[Opening Given data section]
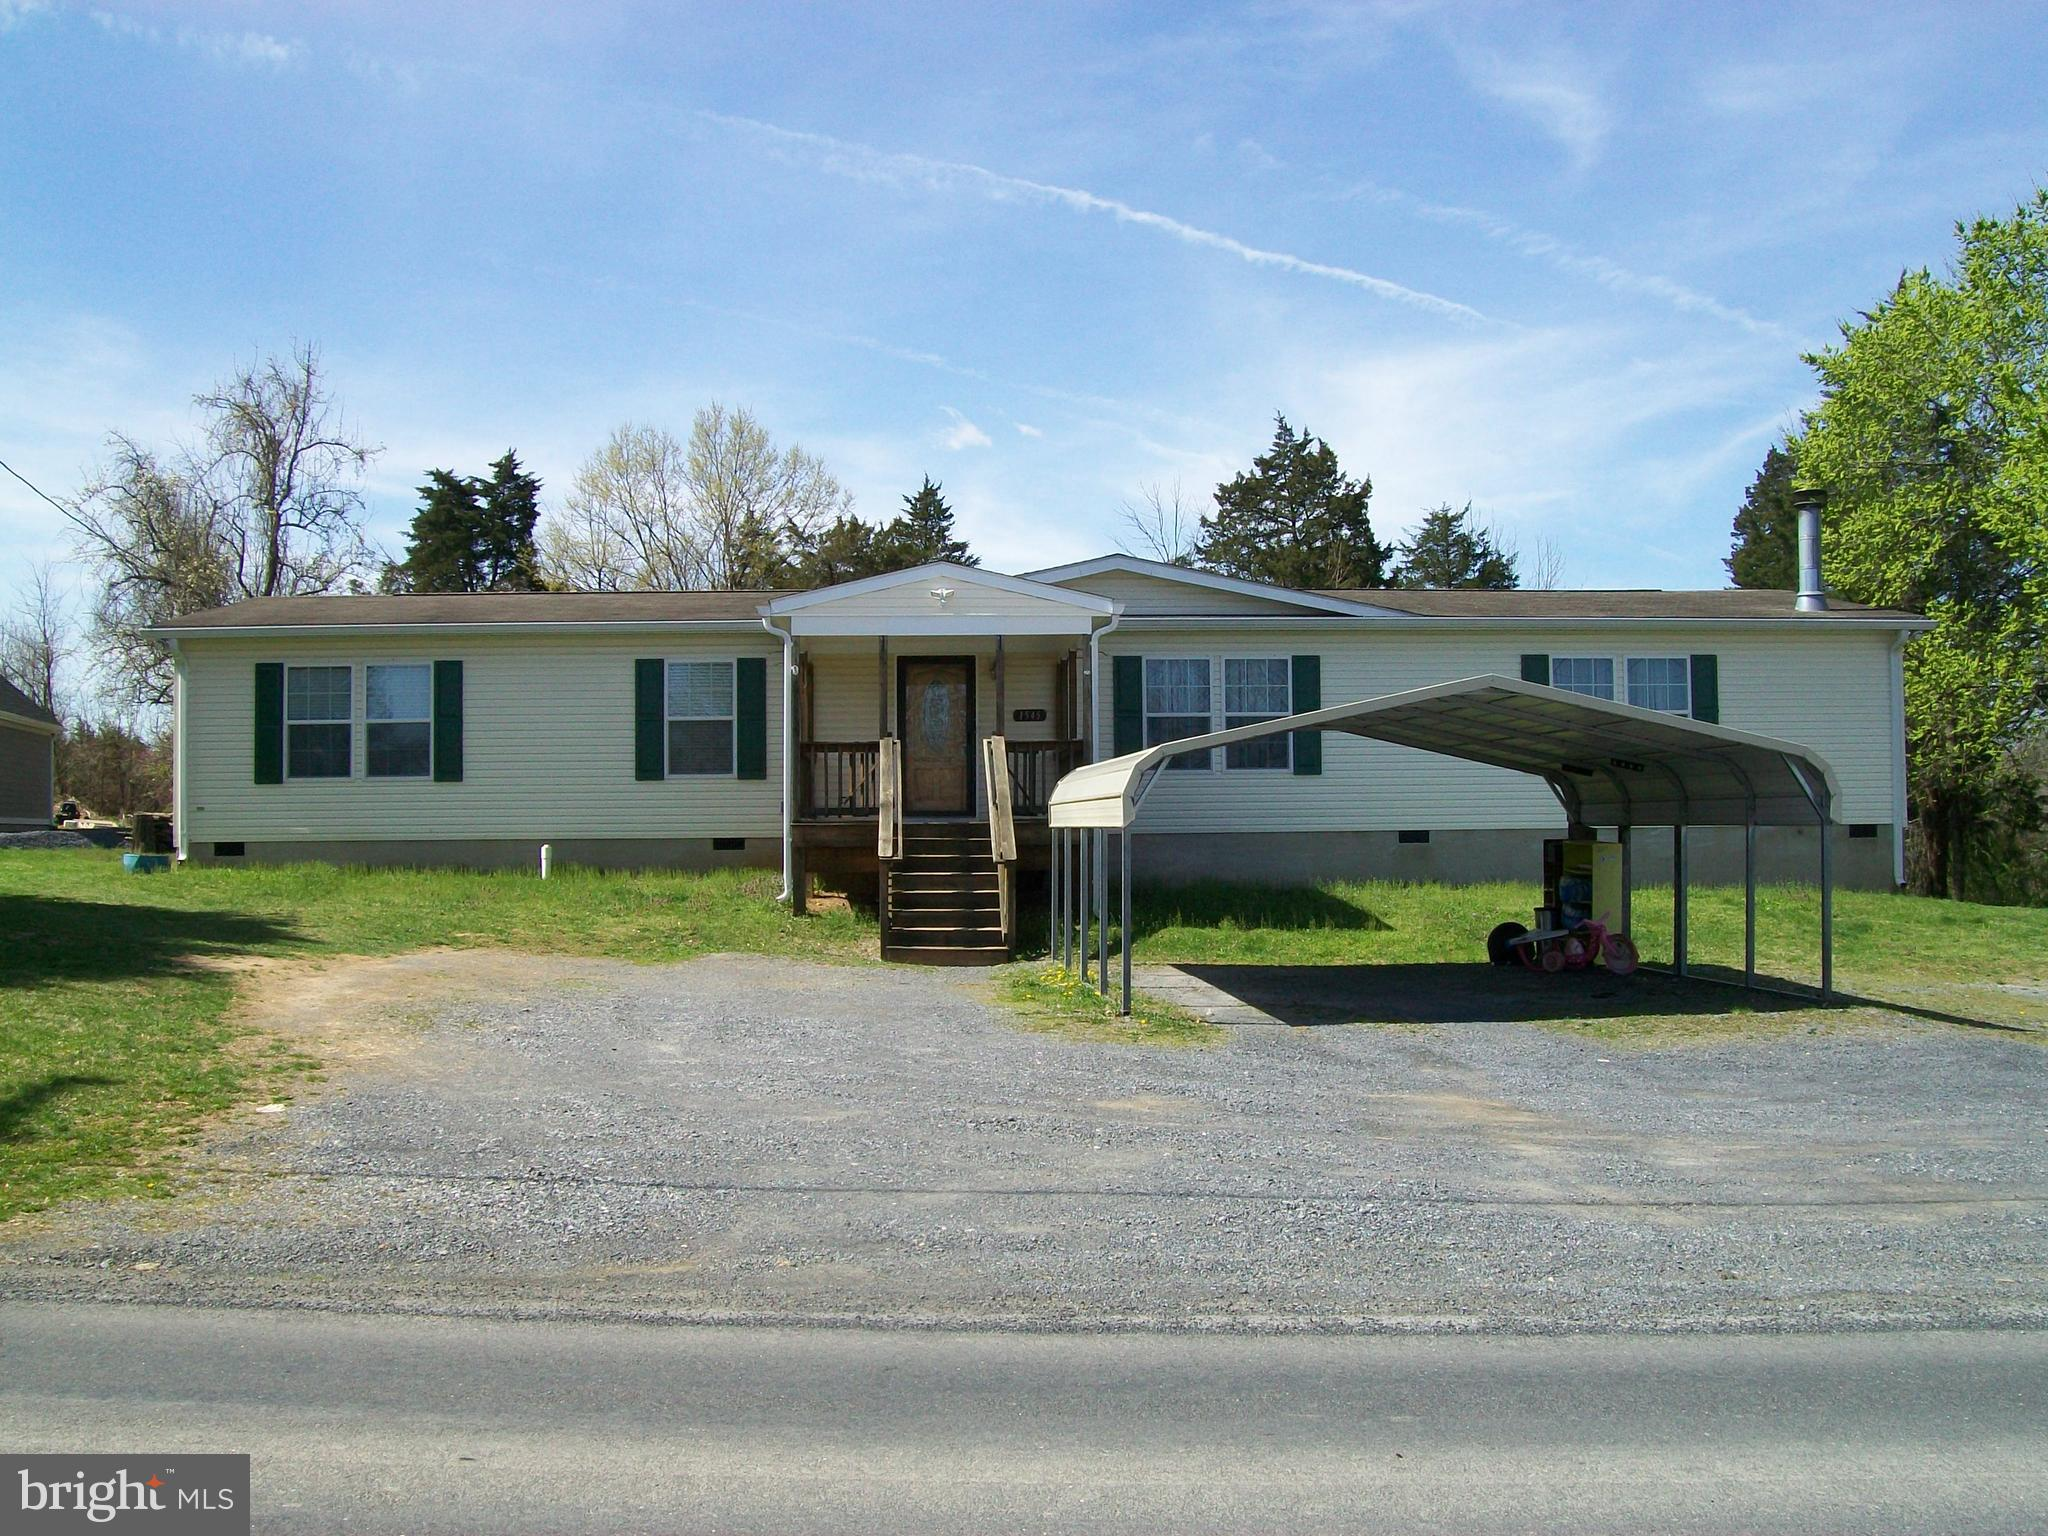 1545 HAHNS LANE, TOMS BROOK, VA 22660
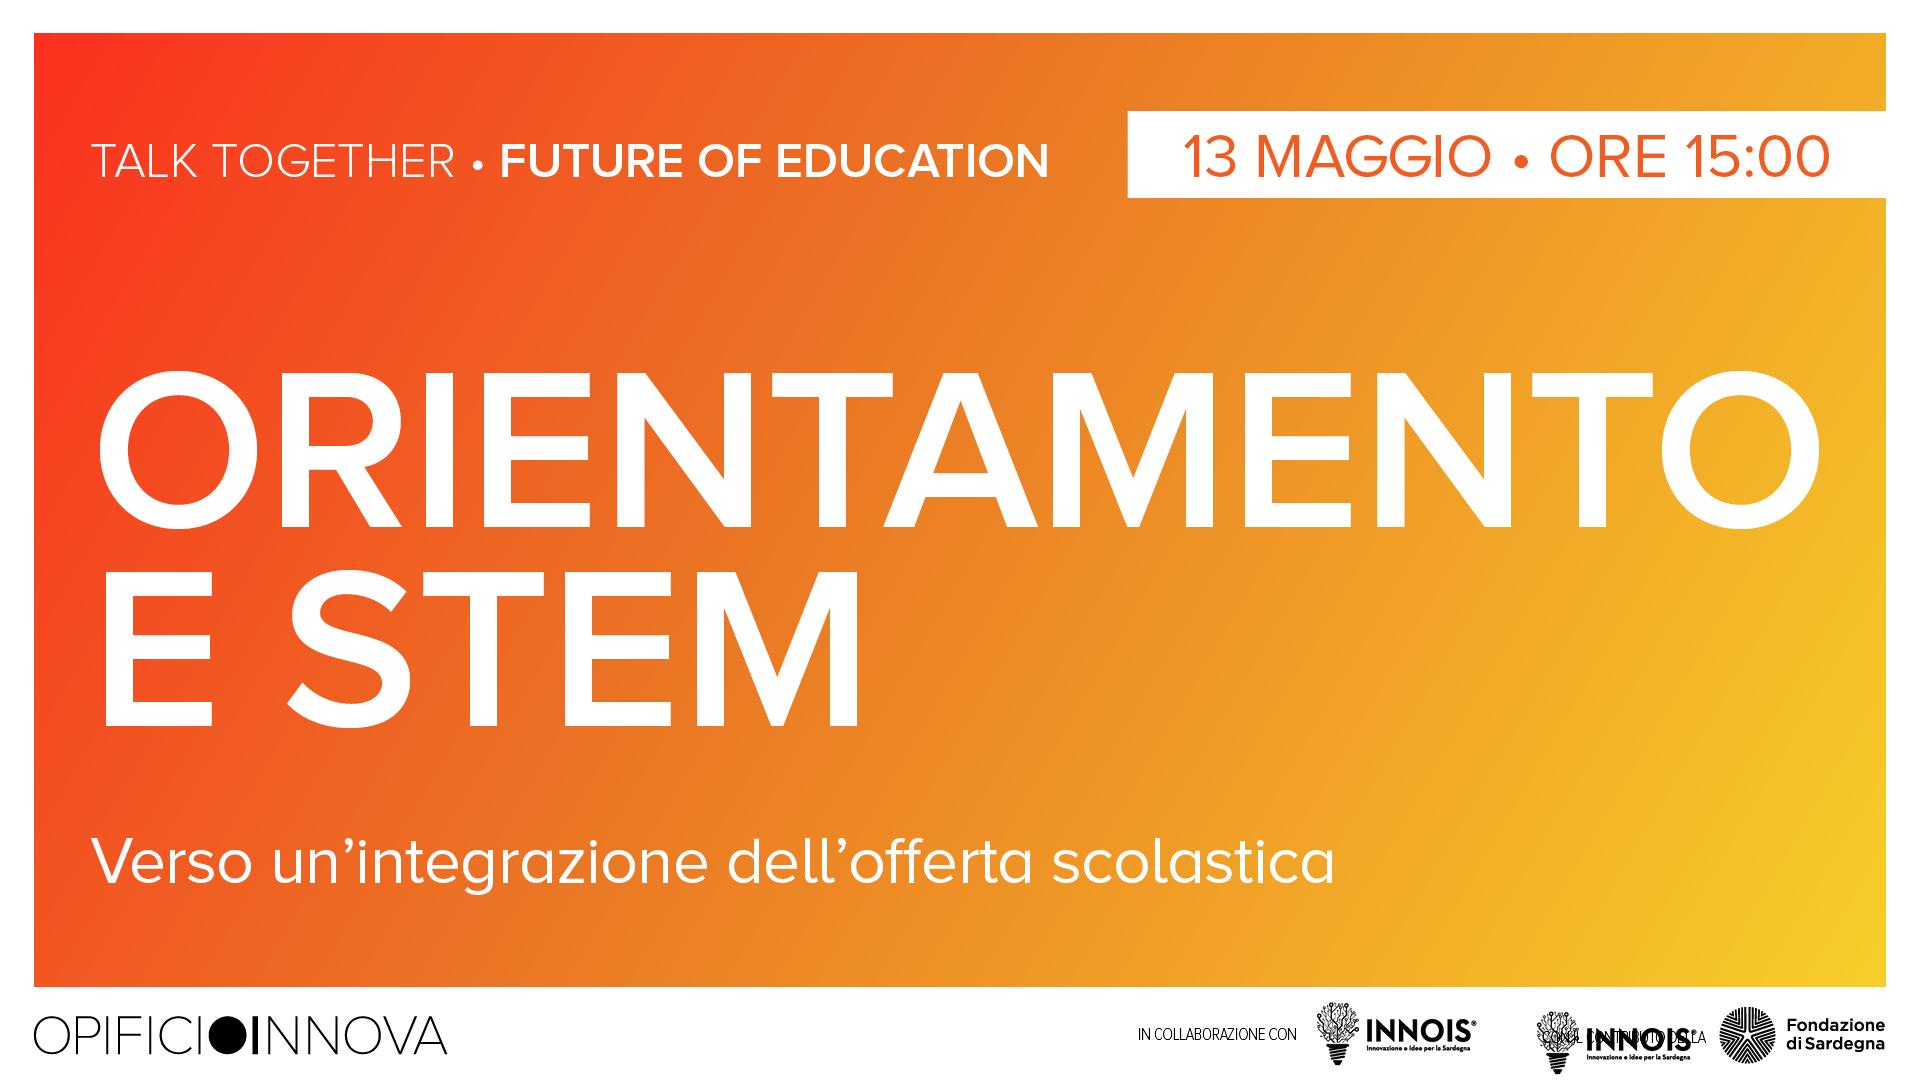 Orientamento e STEM </br>13-05-2021 ore 15:00
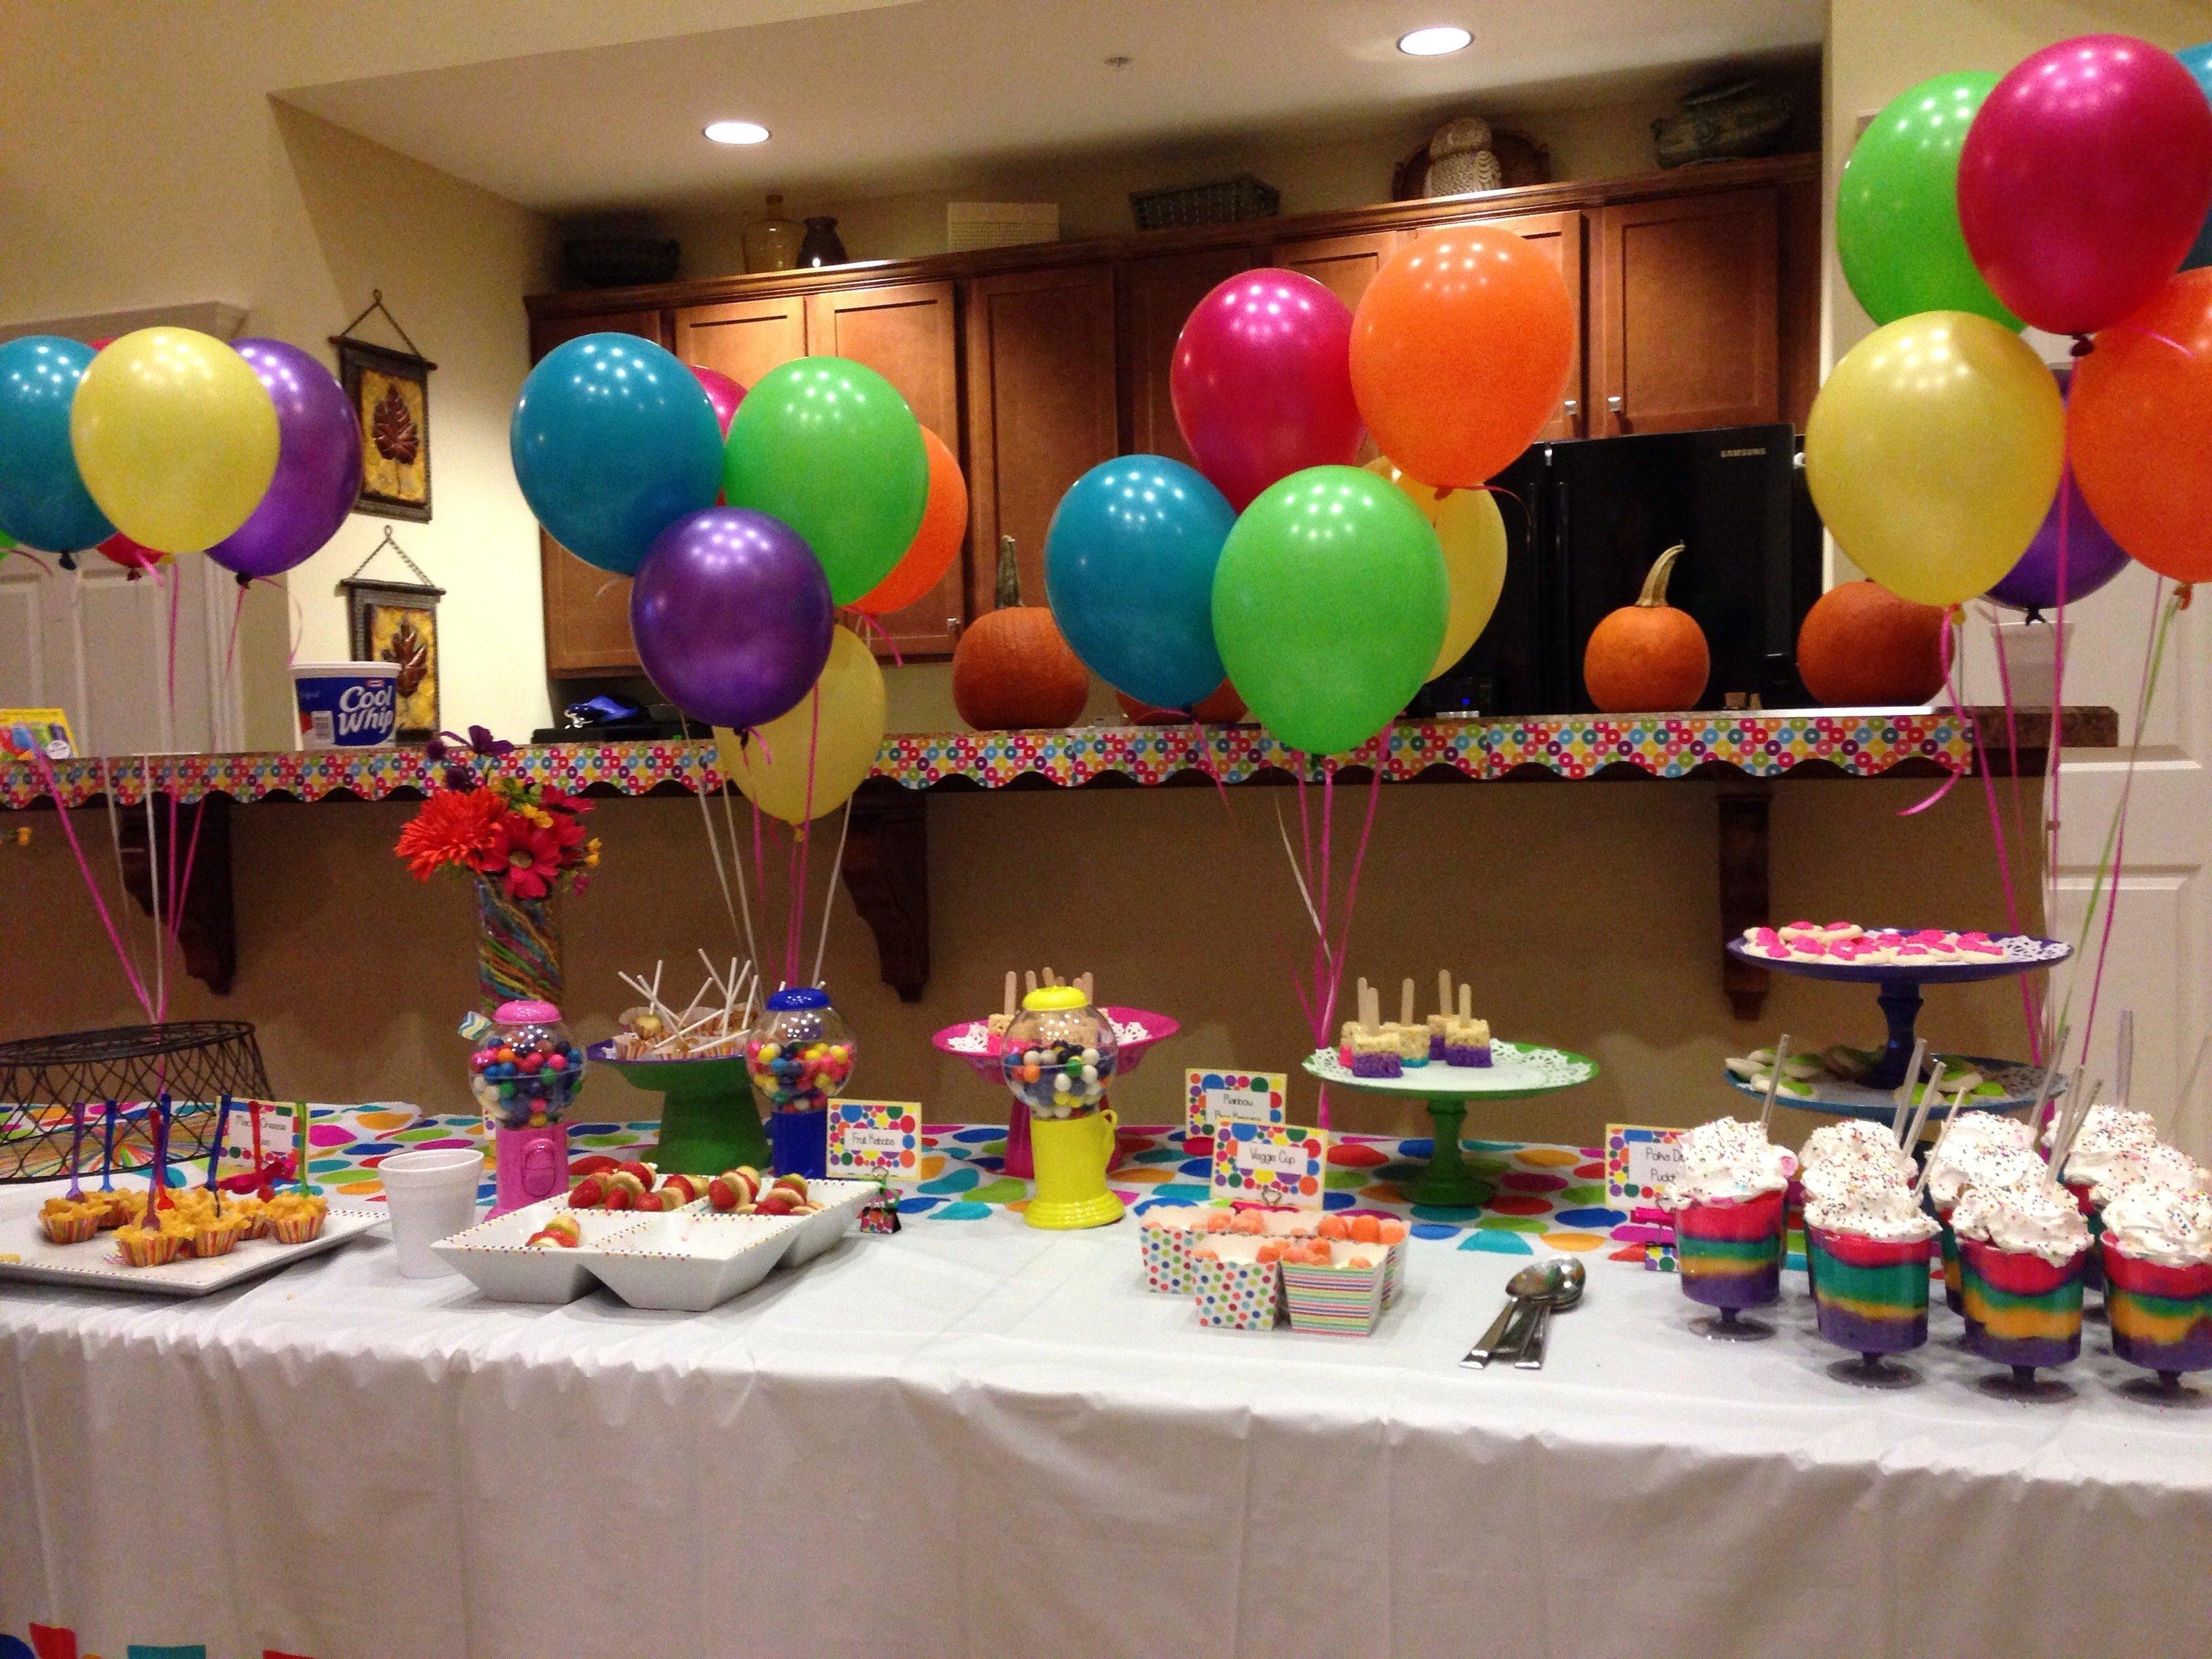 10 Stunning Birthday Ideas For 2 Year Old Boy themes birthday ideas for a 8 year old birthday party in 5 2020
[Closing Given data section]
#### What needs to be done:
All lines from the line with "Orientamento e STEM" through the final line of the data, both included, are to be repeated exactly; no other lines and no pictures.

#### Answer to this problem:
 Orientamento e STEM </br>13-05-2021 ore 15:00
 10 Stunning Birthday Ideas For 2 Year Old Boy themes birthday ideas for a 8 year old birthday party in 5 2020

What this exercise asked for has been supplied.